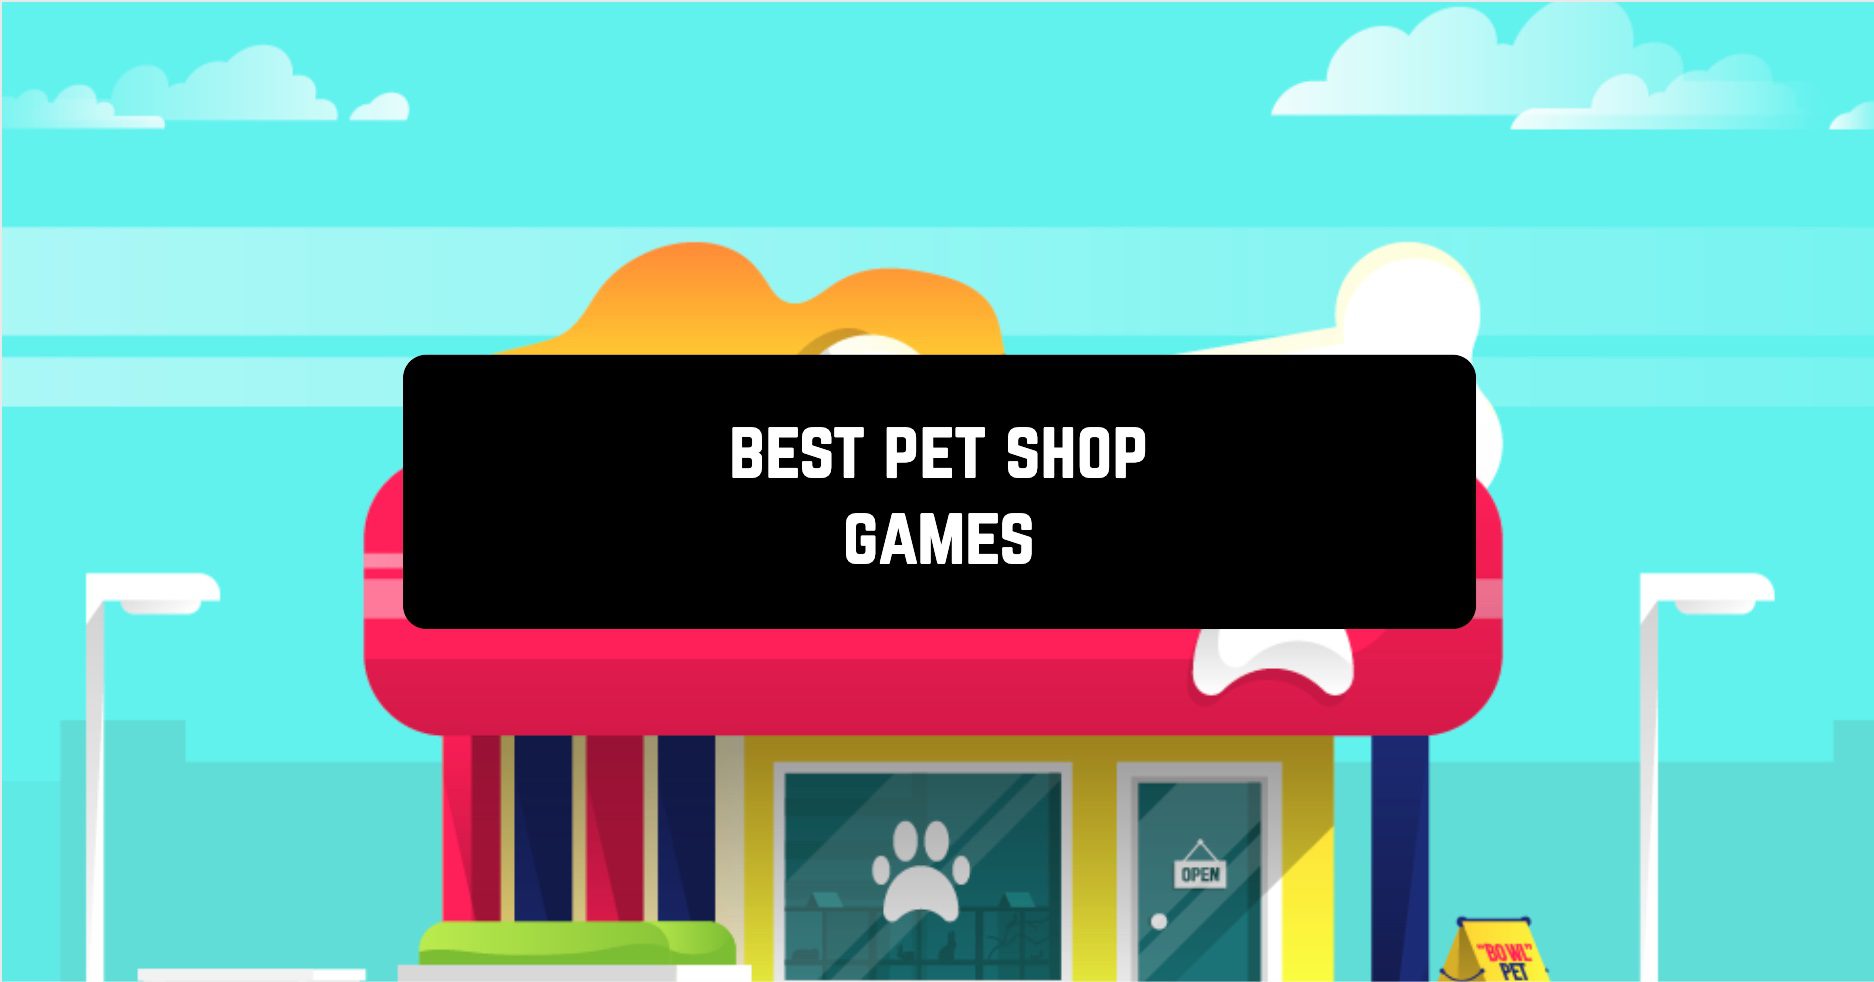 Best pet shop games
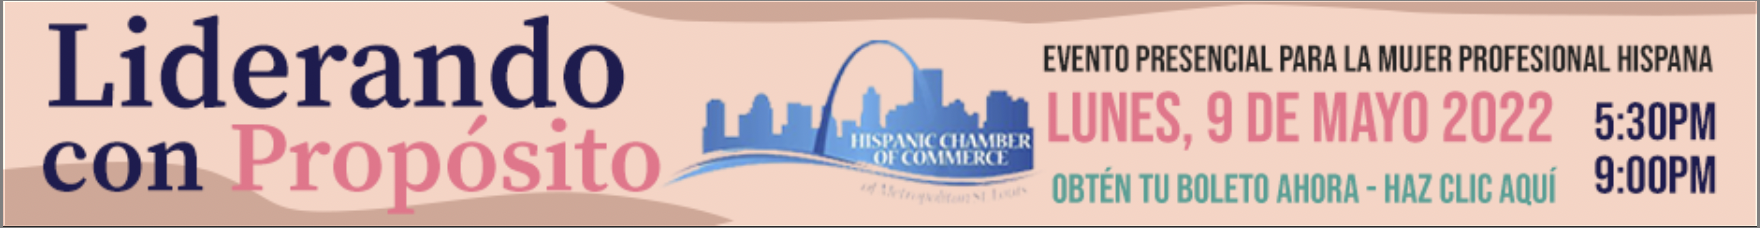 Hispanic Working Women Event - Hispanic Chamber of Commerce of St. Louis
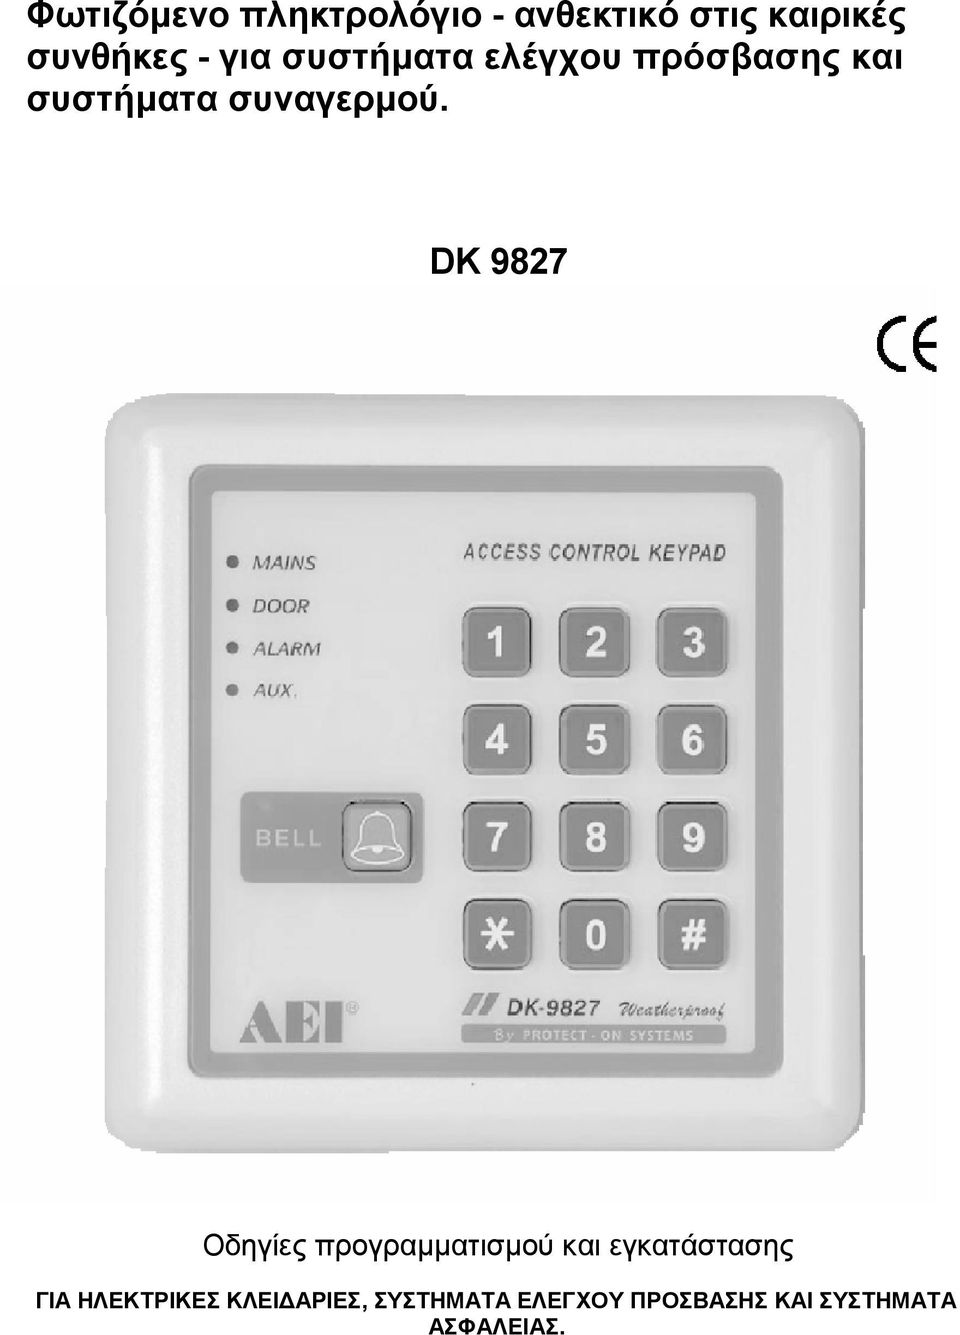 DK 9827 Οδηγίες προγραµµατισµού και εγκατάστασης ΓΙΑ
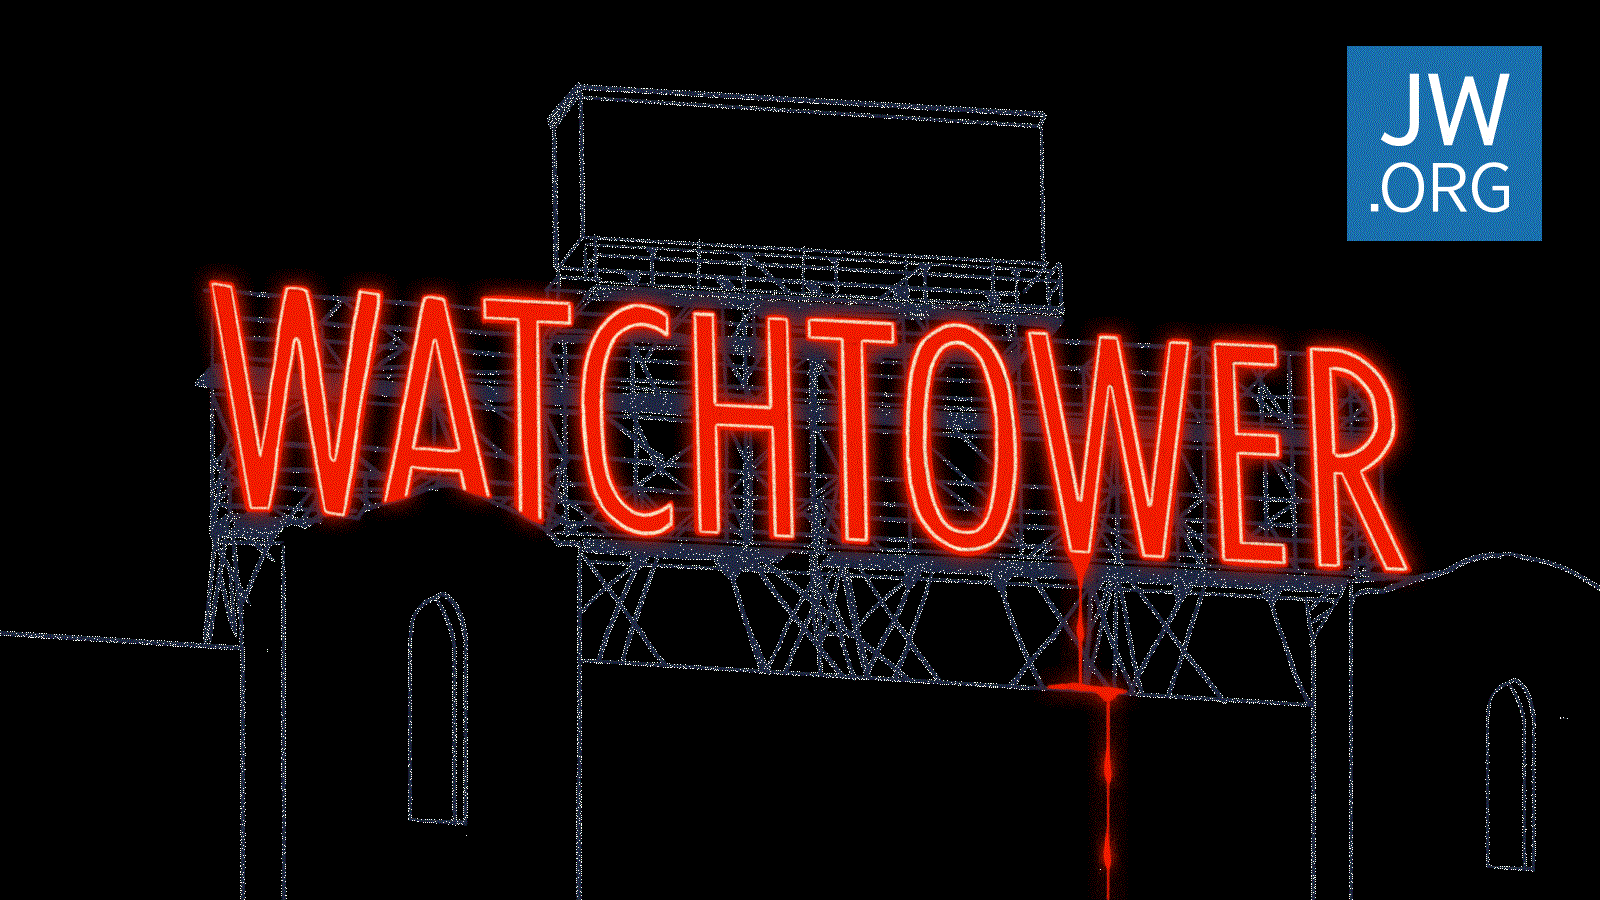 Kindesmissbrauch Der Fall des Wachtturms Detaillierte Dokumente über das interne Rechtsverfahren JW.ORG Kindesmissbrauch Wahrheiten jetzt! Jehovas Zeugen - Geschworene verklagen die Wachtturm-Organisation aufgrund von Kindesmissbrauch zu 35 Millionen US-Dollar
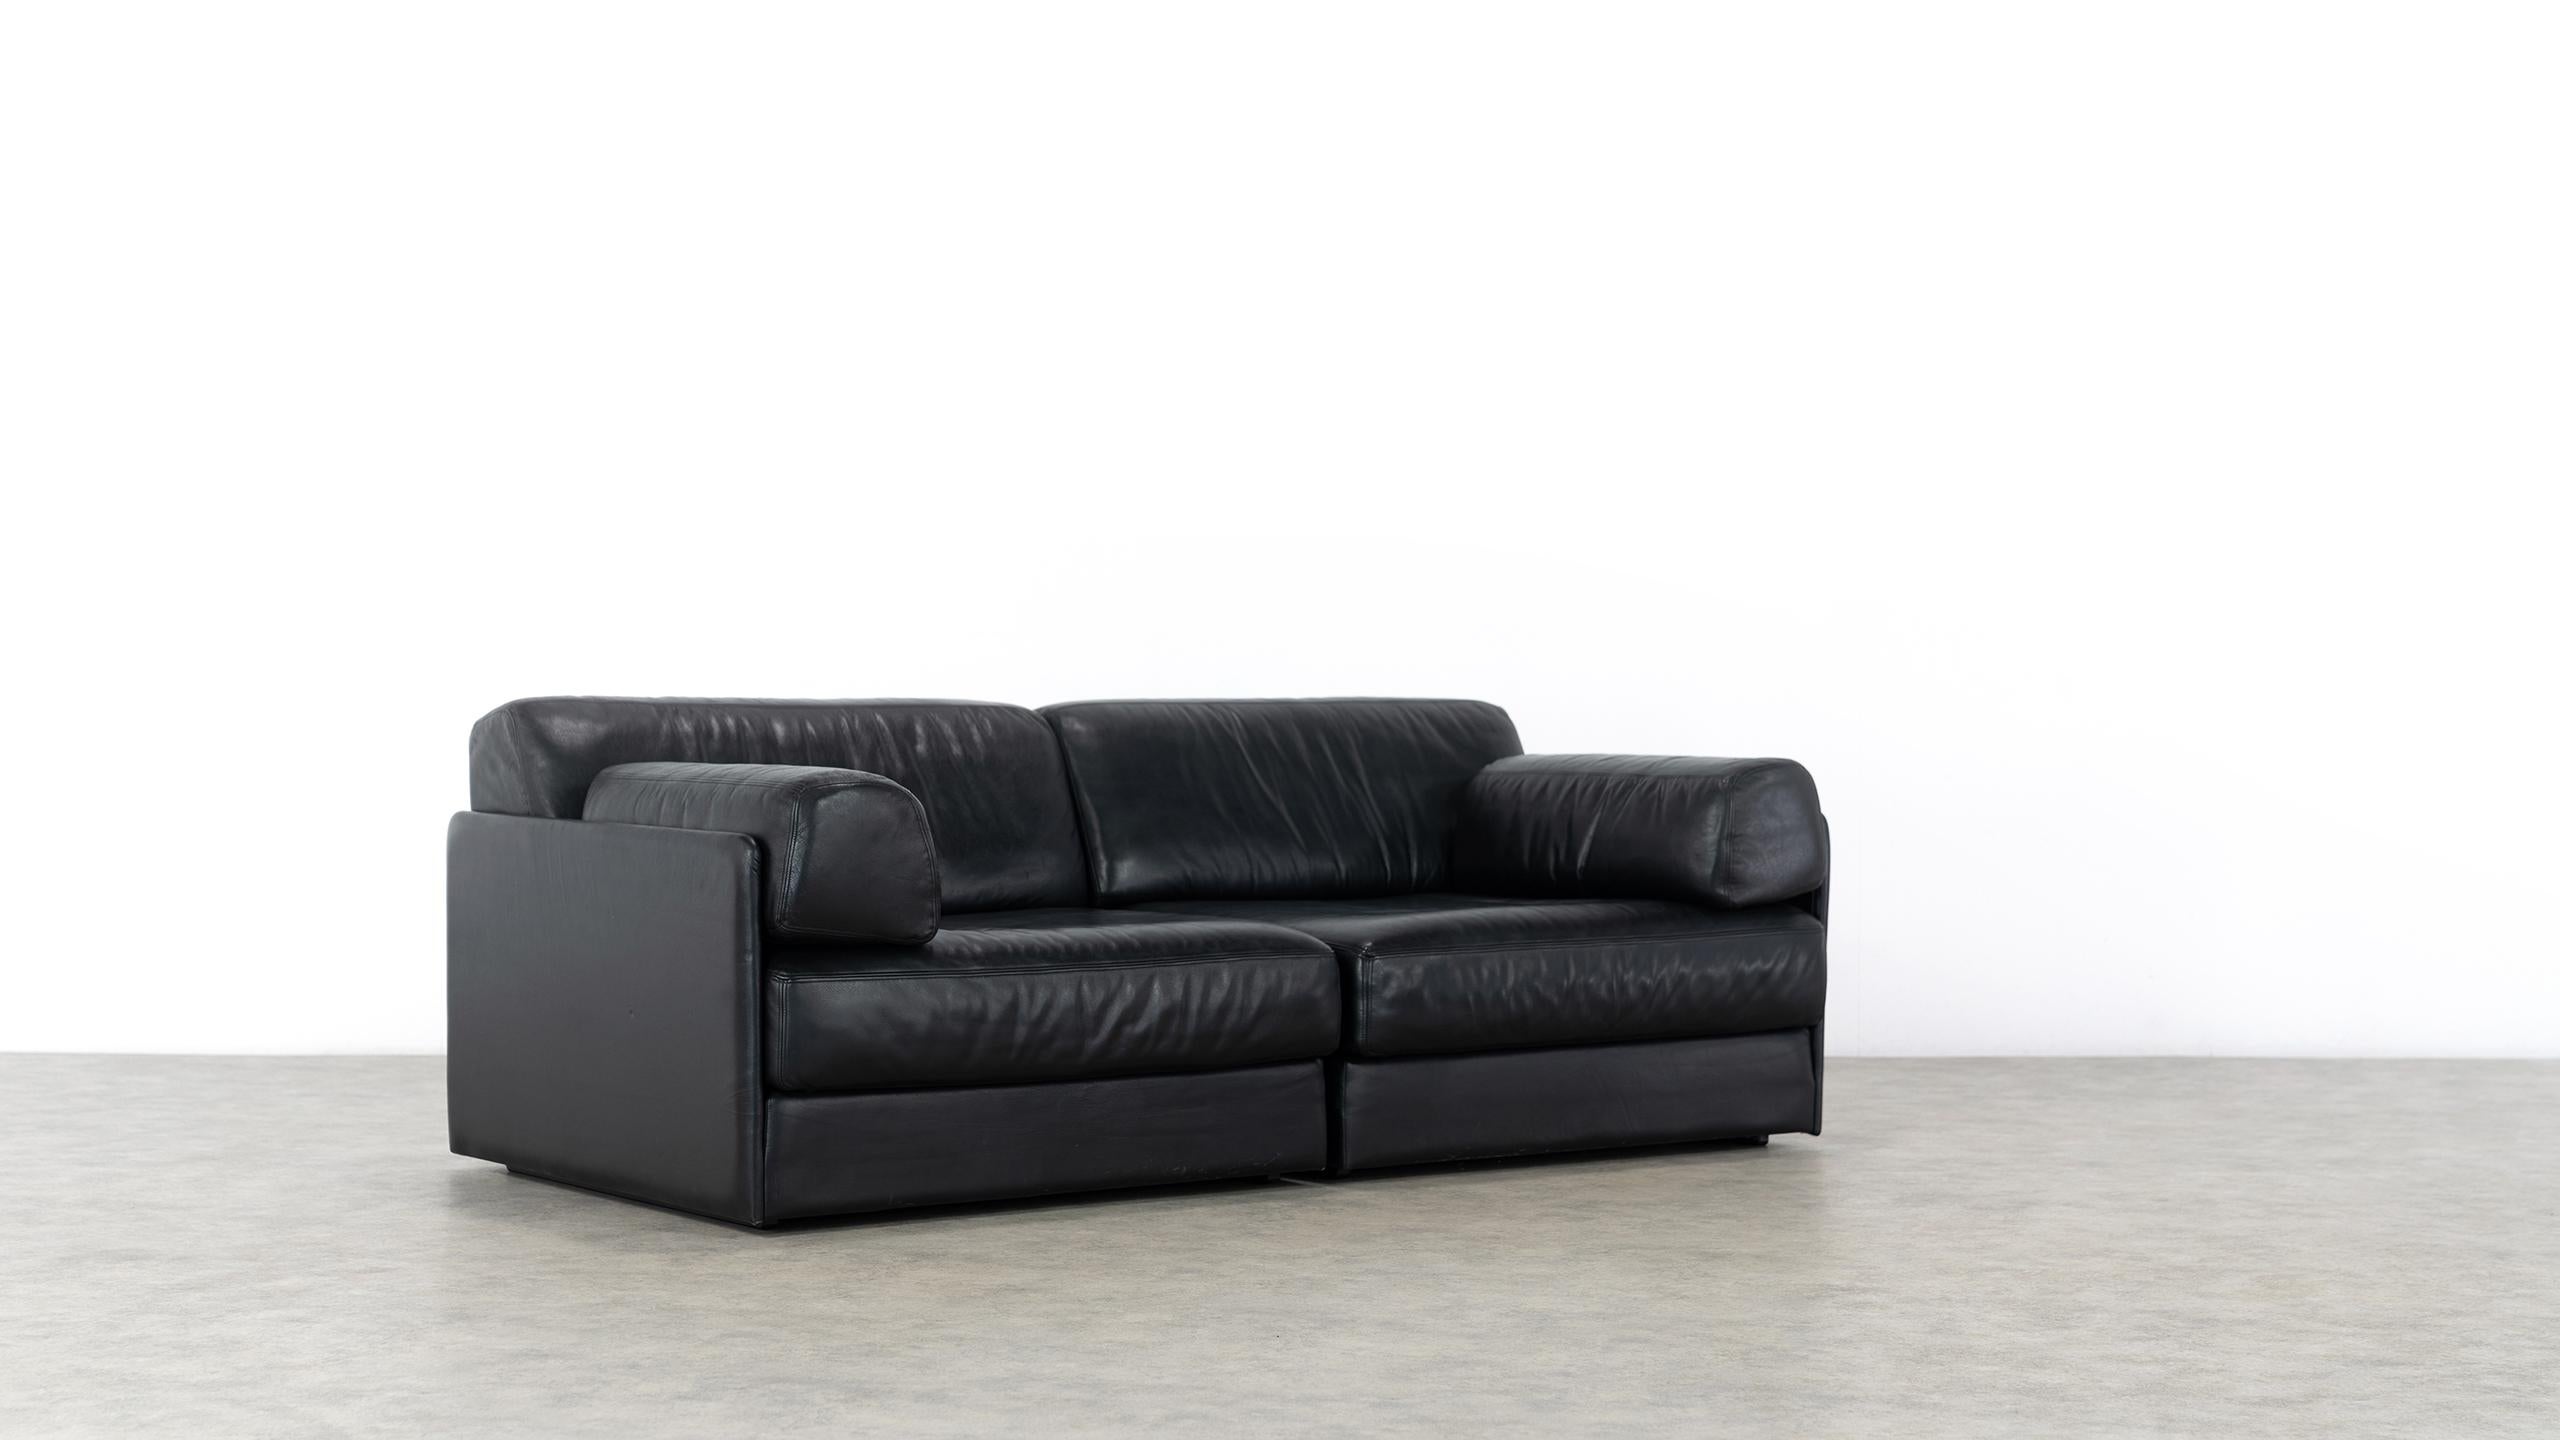 De Sede Ds76, Sofa & Daybed in Black Leather, 1972 by De Sede Design Team 2

──────

Once the line holding "DK 9827 Οδηγίες" is found, copy it and each later line exactly through the end of the data, leaving out the pictures.

 DK 9827 Οδηγίες προγραµµατισµού και εγκατάστασης ΓΙΑ
 Kindesmissbrauch Der Fall des Wachtturms Detaillierte Dokumente über das interne Rechtsverfahren JW.ORG Kindesmissbrauch Wahrheiten jetzt! Jehovas Zeugen - Geschworene verklagen die Wachtturm-Organisation aufgrund von Kindesmissbrauch zu 35 Millionen US-Dollar
 De Sede Ds76, Sofa & Daybed in Black Leather, 1972 by De Sede Design Team 2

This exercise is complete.